So as the Baronet rose, and stood gloomily with his back to the fire; the young lady rose also, and ran away to the drawing-room and her desk; and almost at the same moment a servant entered the room, with a letter, which had come by the late post.
Oddly enough, it had the Slowton postmark.
"Devilish odd!" exclaimed Sir Jekyl, scowling eagerly on it; and seating himself hastily on the side of a chair, he broke it open and read at the foot the autograph, "Guy Strangways."
It was with the Napoleonic thrill, "I have them, then, these English!" that Sir Jekyl read, in a gentlemanlike, rather foreign hand, a ceremonious and complimentary acceptance of his invitation to Marlowe, on behalf both of the young man and of his elder companion. His correspondent could not say exactly, as their tour was a little desultory, where a note would find them; but as Sir Jekyl Marlowe had been so good as to permit them to name a day for their visit, they would say so and so.
"Let me see—what day's this—why, that will be"—he was counting with the tips of his fingers, pianowise, on the table—"Wednesday week, eh?" and he tried it over again with nature's "Babbage's machine" and of course with an inflexible result. "Wednesday week—Wednesday," and he heaved a great sigh, like a man with a load taken off him.

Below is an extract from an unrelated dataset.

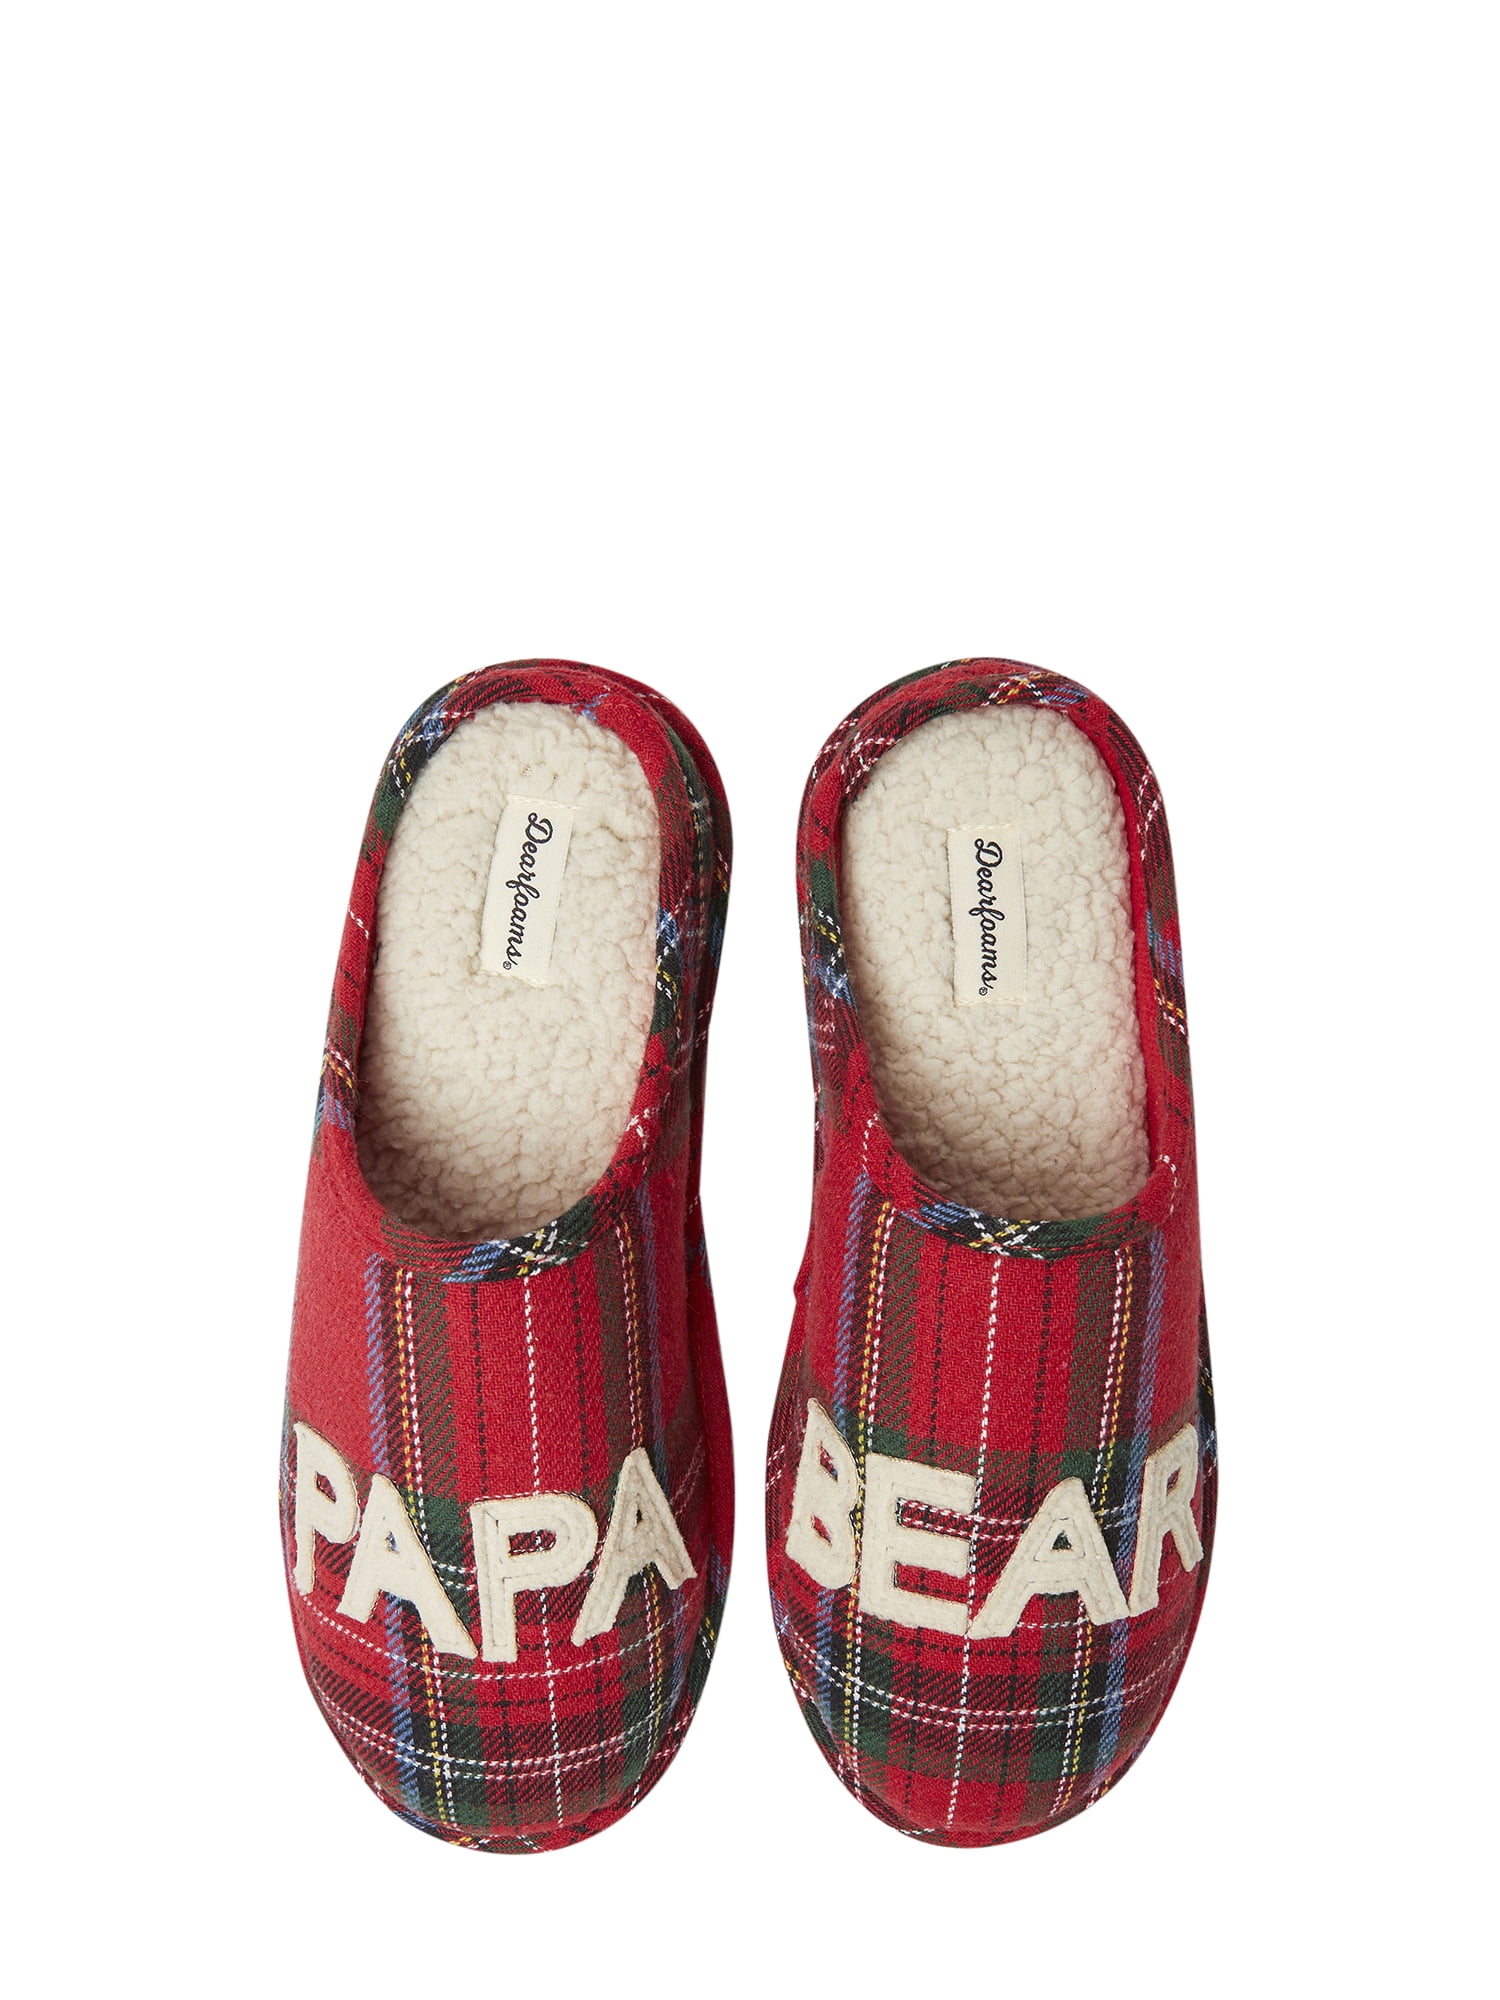 dearfoam slippers walmart

"Well, I'm devilish glad. I hope nothing will happen to stop them now. It can't be a ruse to get quietly off the ground? No—that would be doing it too fine." He rang the bell.
"I want Mrs. Gwynn."
The Baronet's spirit revived within him, and he stood erect, with his back to the fire, and his hands behind him, and when the housekeeper entered, he received her with his accustomed smile.
"Glad to see you, Donnie. Glass of sherry? No—well, sit down—won't take a chair!—why's that? Well, we'll be on pleasanter terms soon—you'll find it's really no choice of mine. I can't help using that stupid green room. Here are two more friends coming—not till Wednesday week though—two gentlemen. You may put them in rooms beside one another—wherever you like—only not in the garrets, of course. Good rooms, do ye see."
"And what's the gentlemen's names, please, Sir Jekyl," inquired Mrs. Gwynn.